I'm trying to convert a scaleR script into T-SQL (with external_script execution) for in-database R analytics in SQL Server. The scaleR script that I'm working with is on the DeepDive Data Science Tutorial on Fraud data by MSDN.
All my data is in SQL Server now (from the tutorial), and all I want to do is query this table to get summary using the rxSummary
scaleR function (in-database).
This is my attempt:
exec sp_execute_external_script
@language = N'R',
@script = N'
sumOut <- rxSummary(
formula = ~gender + balance + numTrans + numIntlTrans + creditLine,
data = ccFraud
)
',
@input_data_1 = N'select * from [DeepDive].[db_datareader].[ccFraudSmall]',
@input_data_1_name = N'ccFraud',
@output_data_1_name = N'summary'
with result sets ((summary varchar(max) not null));
But this throws an error:
STDOUT message(s) from external script: Rows Read: 10000, Total Rows Processed: 10000, Total Chunk Time: Less than .001 seconds Computation time: 0.000 seconds. Msg 11536, Level 16, State 1, Line 5 EXECUTE statement failed because its WITH RESULT SETS clause specified 1 result set(s), but the statement only sent 0 result set(s) at run time.

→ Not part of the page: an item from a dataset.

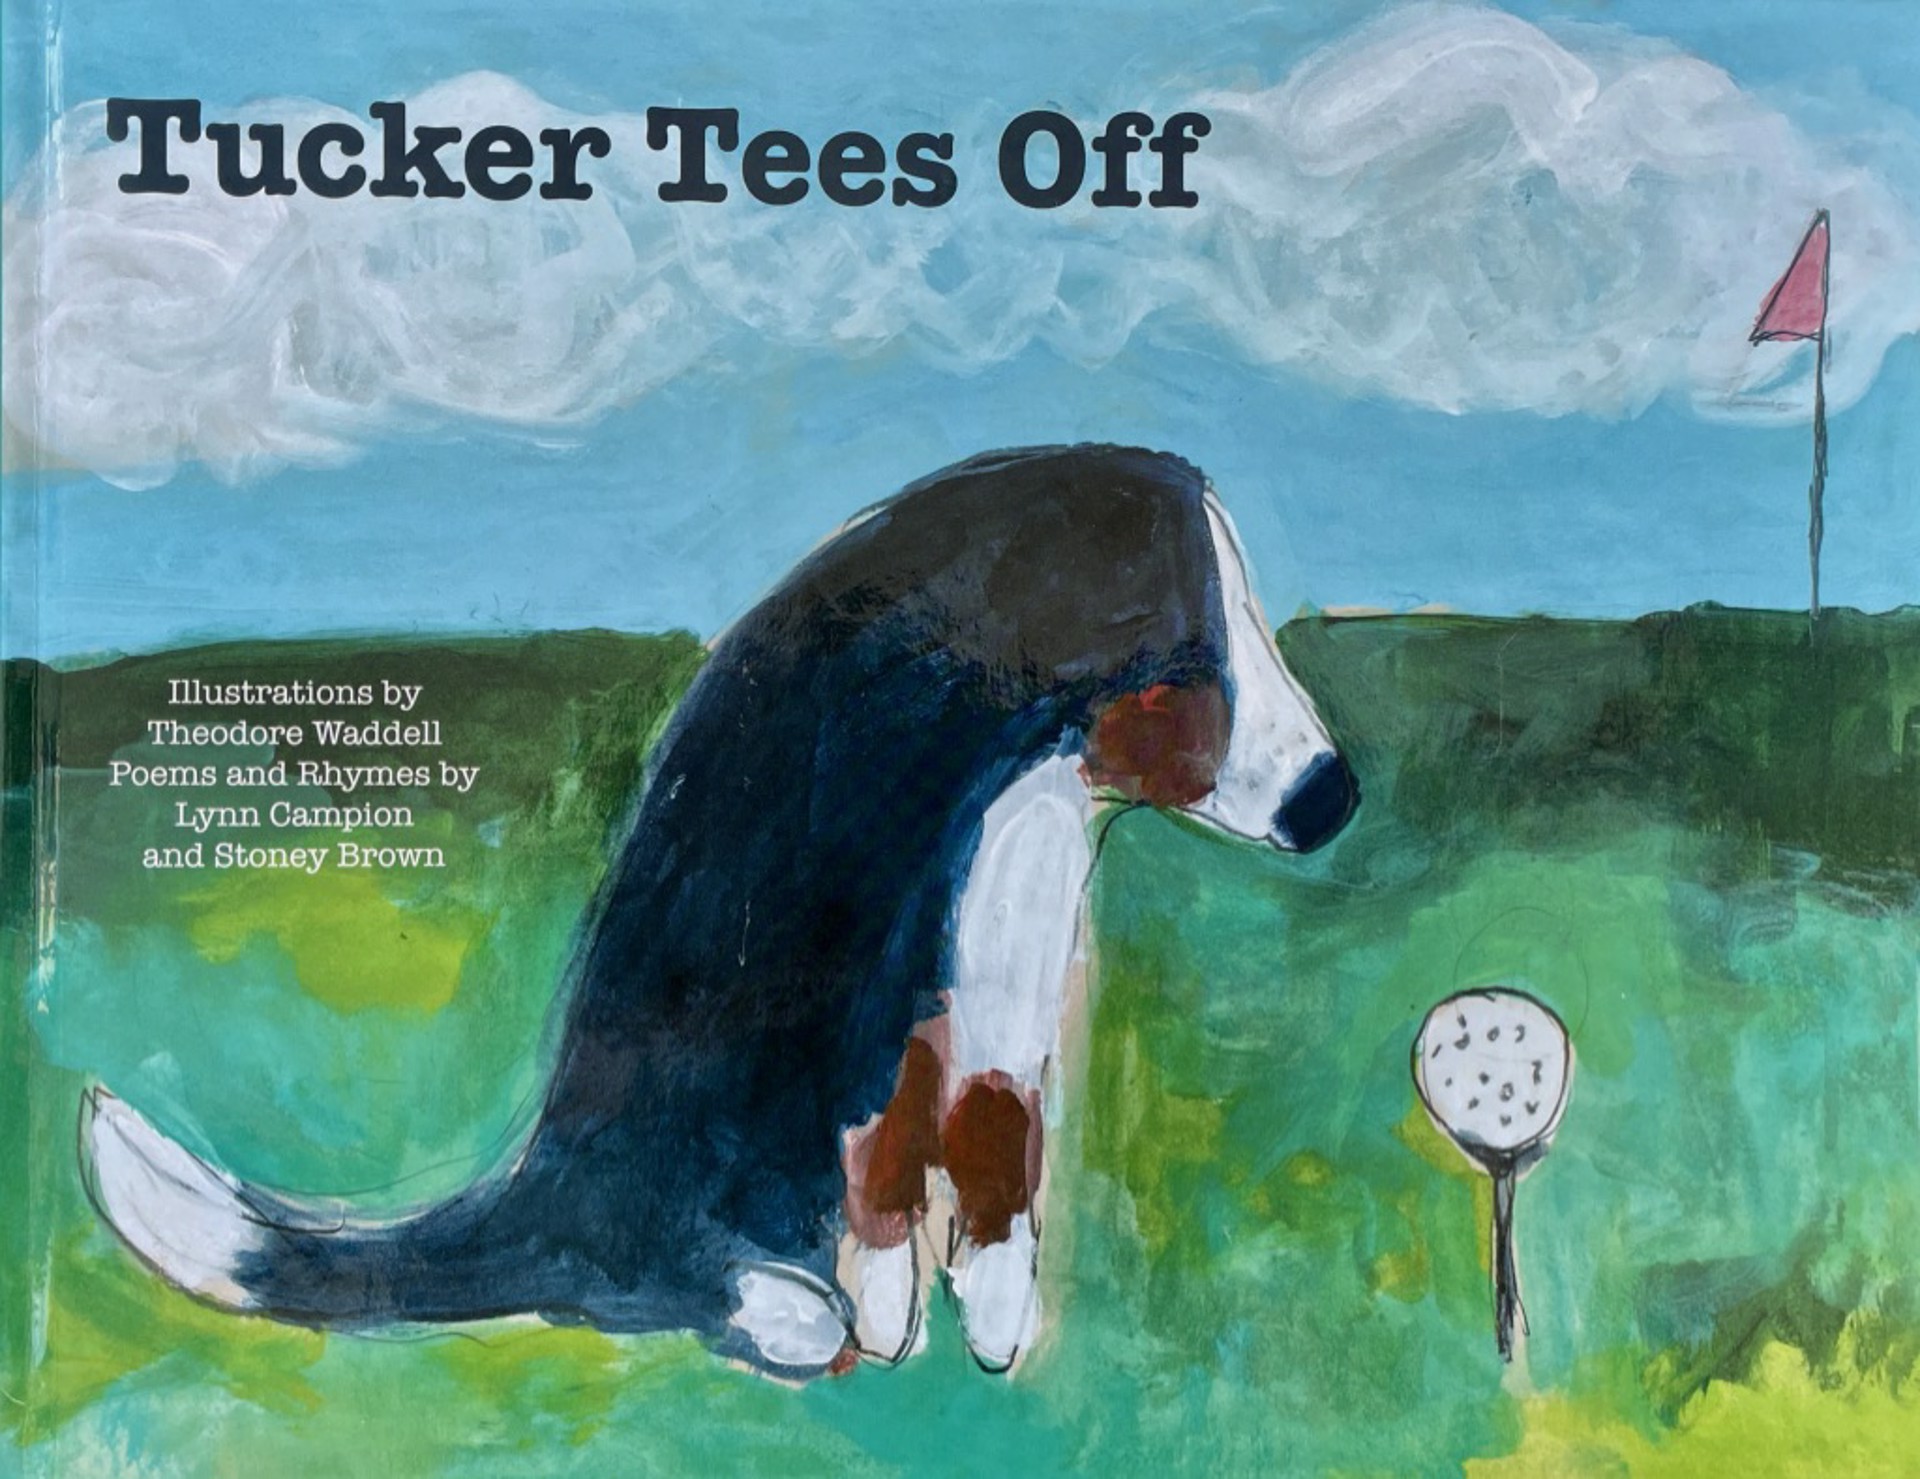 Tucker Tee's Off by Theodore Waddell

Any idea how to deal with this?
Am I missing a step?
In your example, there is a mismatch between the R script and SQL parameter definitions. The output_data_1_name
parameter value specifies the name of the R dataframe that is being returned from R to SQL Server. But there is no value assigned to summary
in the R script. Hence you are getting a 0 results error. See sp_execute_external_script document for description and example.
If you are just trying to display the summary as messages, then you can add print(sumOut)
to the R script.
If you want to return data to SQL Server, you would need to build an R dataframe and assign to the output_1_data
.